Засѣданіе происходило подъ предсѣдательствомъ товарища предсѣдателя П. А. Дейера.

Дѣло это, получившее въ Москвѣ извѣстность подъ именемъ убійства лавочника въ Тверской Ямской, привлекло многочисленную толпу слушателей въ залъ суда. Въ 11½ часовъ открылось засѣданіе. Подъ стражей на скамьѣ подсудимыхъ явился Алексѣй Ивановъ Морозовъ, молодой человѣкъ 19 лѣтъ. Лицо подсудимаго еще очень свѣжее, хотя на немъ замѣтны слѣды умственной зрѣлости не по лѣтамъ. Впечатлѣніе оно производитъ неблагопріятное. Подсудимый смотритъ своими сѣрыми большими глазами нахмуривъ брови. Онъ бѣлокуръ, носитъ волосы по — русски. На его загорѣлыхъ смуглыхъ щекахъ еще не замѣтно признаковъ волосъ; лишь бѣлые небольшіе, едва видимые усы оттѣняютъ его тонкія, блѣдныя, плотно сжатыя губы. Подсудимый говоритъ довольно спокойно, равнымъ голосомъ; его отвѣты умны. Но нельзя было не замѣтить, что при наружномъ спокойствіи подсудимый съ нетерпѣніемъ ожидалъ, когда кончится судебное засѣданіе.
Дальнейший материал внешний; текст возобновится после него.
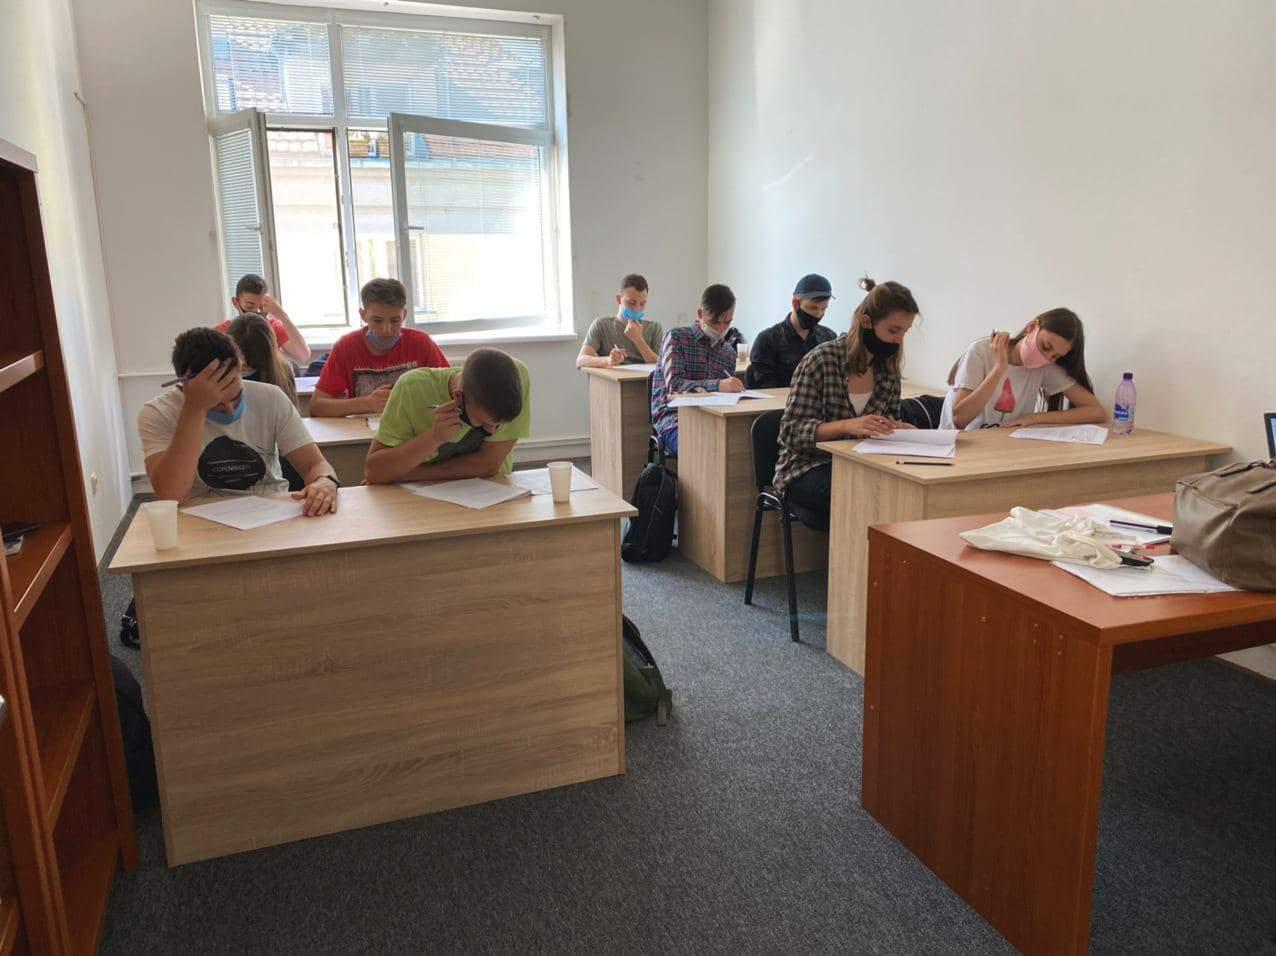 освіта в словаччині, безкоштовна освіта в словаччині, навчання за кордоном, little dream словаччина
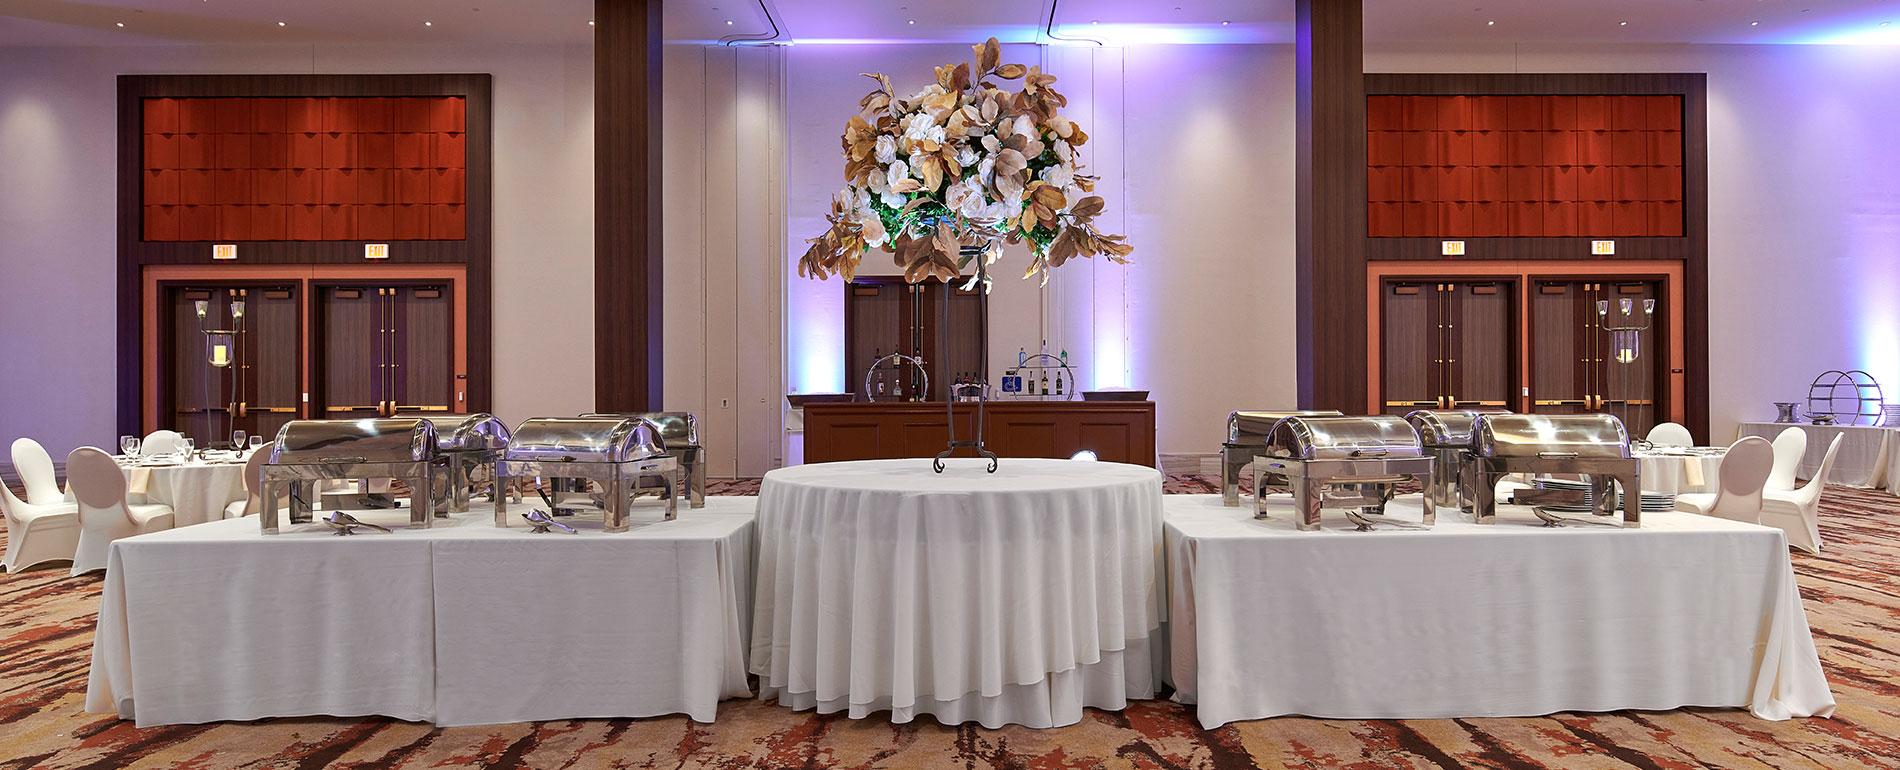 pocono mountain indoor buffet wedding venue

Вотъ въ чемъ заключаются обстоятельства дѣла:

Въ ночь на 26‑е іюля 1868 года, городовой 1‑го квартала Сущевской части Барсовъ, обходя свой участокъ, увидѣлъ около 2‑хъ часовъ на тротуарѣ у дома полковника Дурново, на углу Тверской и Острожной улицъ, ползущаго человѣка. Не разглядѣвъ хорошенько и думая, что человѣкъ этотъ пьянъ, Барсовъ отправился въ домъ Дурново и пригласилъ изъ пекарни рабочихъ Лаврентія Семенова и Осипа Купріянова, чтобы поднять лежащаго. Здѣсь, при свѣчѣ, въ лежащемъ узнали лавочника изъ дома Дурново, 18-лѣтняго крестьянина Калужской губерніи Василія Ермилова. Весь окровавленный, въ грязи, онъ былъ не обутъ и въ одномъ бѣльѣ. На сдѣланные вопросы Ермиловъ съ полнымъ сознаніемъ отвѣчалъ, что его зарѣзалъ Алексѣй Морозовъ. По извѣщенію Барсова, тотчасъ же прибылъ квартальный надзиратель Бочечкаровъ и, на вопросы его, Ермиловъ, при свидѣтеляхъ, отвѣчалъ снова, что его зарѣзалъ Алексѣй Морозовъ, сынъ Ивана Иванова Морозова. Г. Бочечкаровъ въ сопровожденіи Лаврентія Семенова, Осипа Купріанова, Петра Короткова и городоваго Пшеницына отправился на постоялый дворъ купца Морозова, находящійся по сосѣдству съ домомъ Дурново, на противуположной сторонѣ улицы, наискось отъ него. Алексѣя Морозова нашли во дворѣ, въ одномъ изъ стойлъ, служившемъ для него мѣстомъ ночлега. Онъ былъ раздѣтъ, босой и повидимому спалъ. На окликъ надзирателя, Морозовъ вскочилъ со словами: «чтобы? я ничего не сдѣлалъ.» Взявъ Морозова и лежавшіе въ изголовьи сапоги его, всѣ пошли къ Ермилову. Здѣсь спросили Морозова не знаетъ ли онъ лежащаго человѣка и онъ, еще не подойдя къ нему и не видя его, сказалъ, чтобъ умыли его и тогда онъ можетъ — быть узнаетъ. Снова спросили Ермилова и тотъ, попрежнему, съ полнымъ сознаніемъ, отвѣчалъ, что убилъ его Алексѣй Ивановъ Морозовъ, и на вопросъ самого Морозова, сказалъ, что тотъ зарѣзалъ его ножемъ. По прибытіи врача, Ермиловъ, для оказанія ему пособія, перенесенъ былъ въ домъ. Въ 2 ч. 45 мин. прибылъ исправляющій должность судебнаго слѣдователя, но Ермиловъ находился уже въ безсознательномъ состояніи и черезъ полчаса умеръ.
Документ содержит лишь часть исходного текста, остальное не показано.